Devil Has Questions
Tell me: What, at the end, is sharper, having learned better than to be
so guileless, so rosy, or the instinctive way your skin now buckles at those birds
for being the most tempestuous things singing in the river’s fog? Precisely
what doesn’t lessen you to the point of gutting? When you espy a sack
of white landscaping rocks? Chocolate-looking moons? The fever your lover’s hand
imbues you with, without even touching? Sloppy still is lethal, right?
So what do you think will save you? I am taking notes. I am learning
how to worry about what you can’t control, starting with all
the things now burning on the meso-level. I greet them like a wrecked gazebo
greets the rain in a field awash with gray goose dung. At a distance, it may look
like shelter, but there’s nothing really for you there except to stand drenched
in the skin of your best suit. Believe me; I know best and worst are the wrong spectrum
of words for describing what is in fact your only. I know what error is. Or do I
mean terror? Hell, whichever. Let me just state for the record: I stand by every last misuse.
* * * * *
Devil Vexed by Such Grand, Meandering Duende
Asked to name your greatest failing, I’d say it’s that you’re weak and will not change. It’s not
the view you offer of your options: some days you either take off your hat or let the dog bite you;
some deliver one more canto enchanted by whiskey and figs. I’ve watched you at gatherings,
posture of a balloon stuck on the ceiling, guided by whatever the breeze does to its string,
your face like it caught a whiff of flesh drift in from the larkspur. You thought it takes a lot
of emptiness to be a good person for so long it was too late when you found out it was wrong.

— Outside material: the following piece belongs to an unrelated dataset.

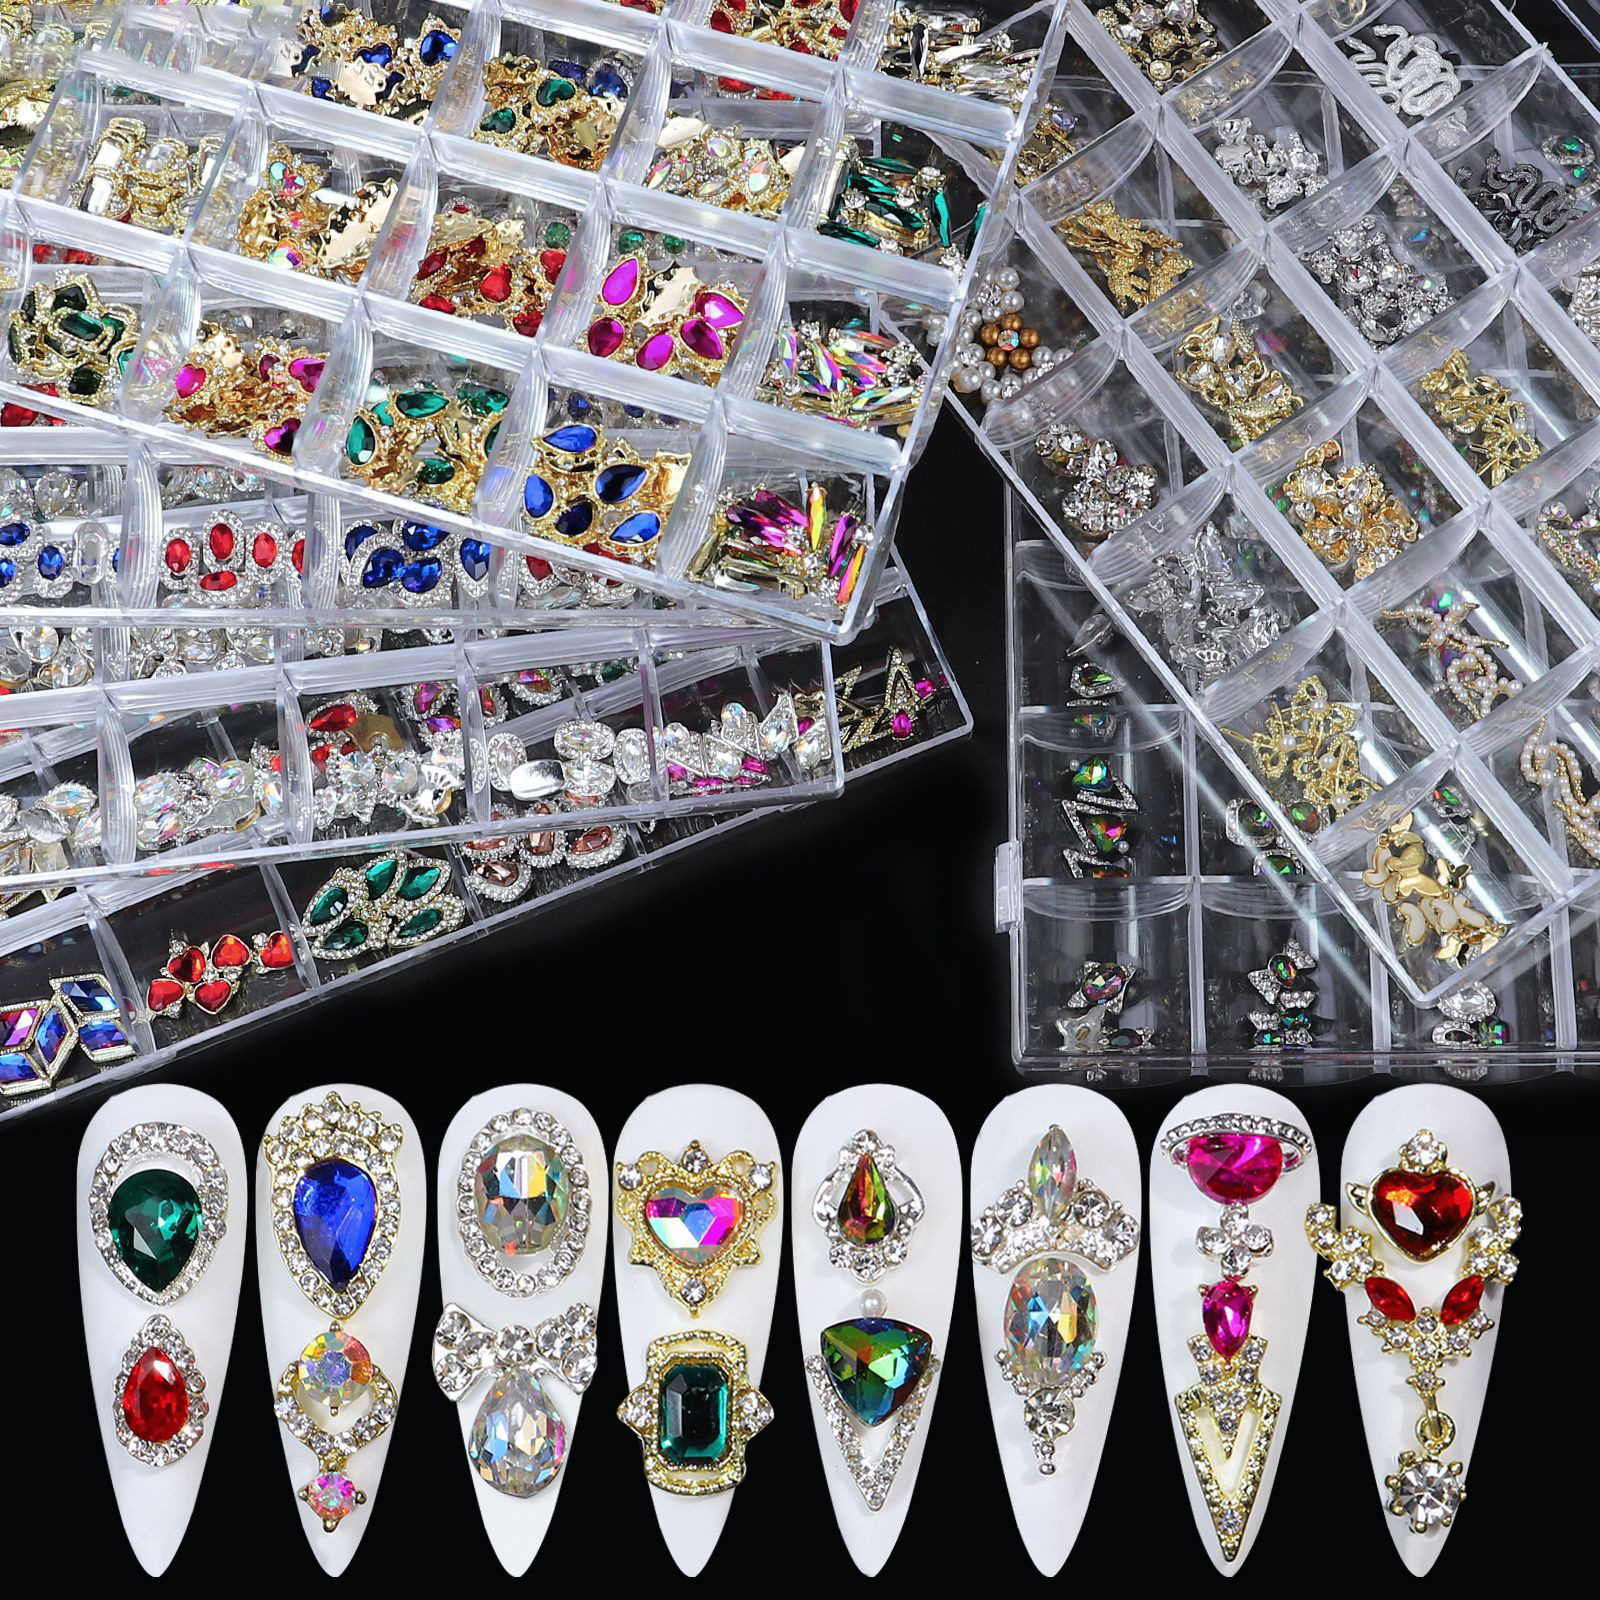 24 Boxed Butterfly Planet Alloy Manicure Crystal Rhinestones Kit For Nail Decoration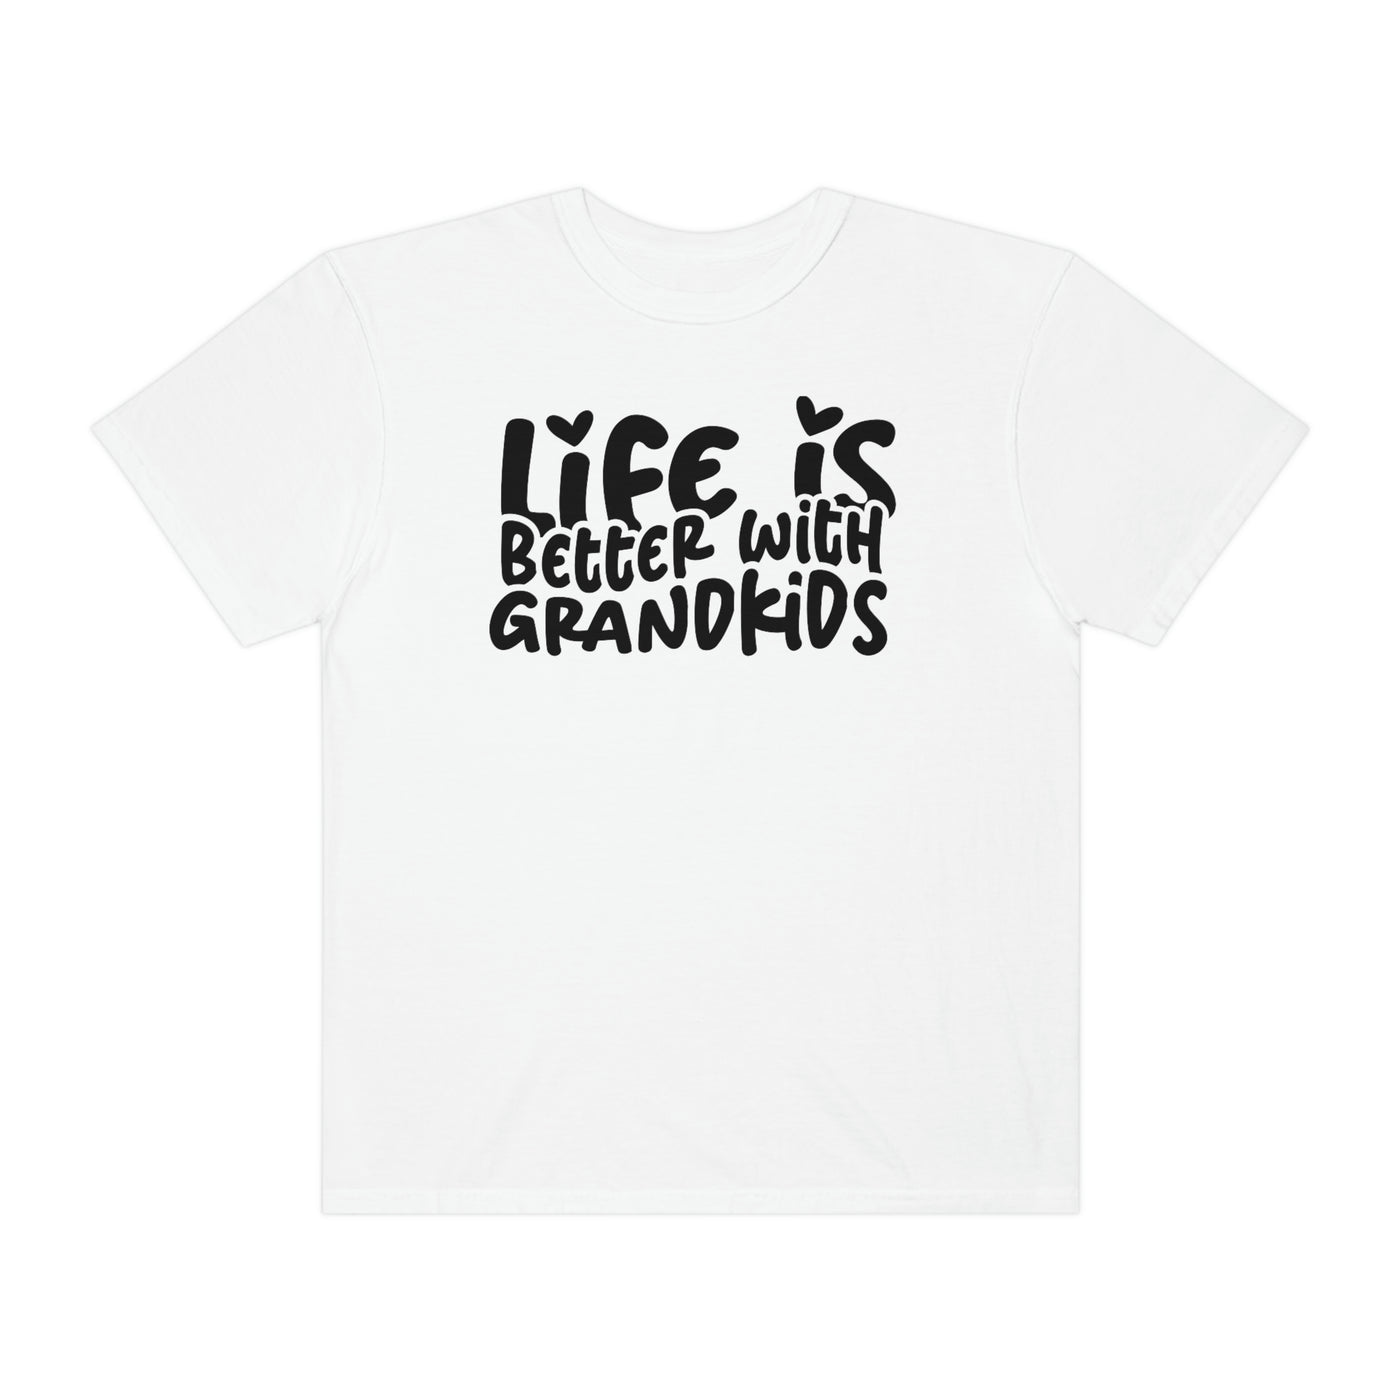 Life is Better With Grandkids Tee

OK. It’s never too late, just very, very hard. Maybe that’s why you tend to envy
painters who attune their awe to things trying to be tender but brutally:
wind bending trees, fur of prey limp beneath their devourer’s weight. I am as grateful as you
someone decided these are beautiful. It confirms: anything can culminate in devotion. A flower.
A fever. Someone smothered in red clay. You should know by now, some things I can accept
in my sleep. Some it pains me to cherish so openly. The way I heard you confess
you didn’t even have to know an object’s origin to adore it, just suspect — whether gently
or with disgust’s abrupt flourish — it was something once received by the rally of her hands.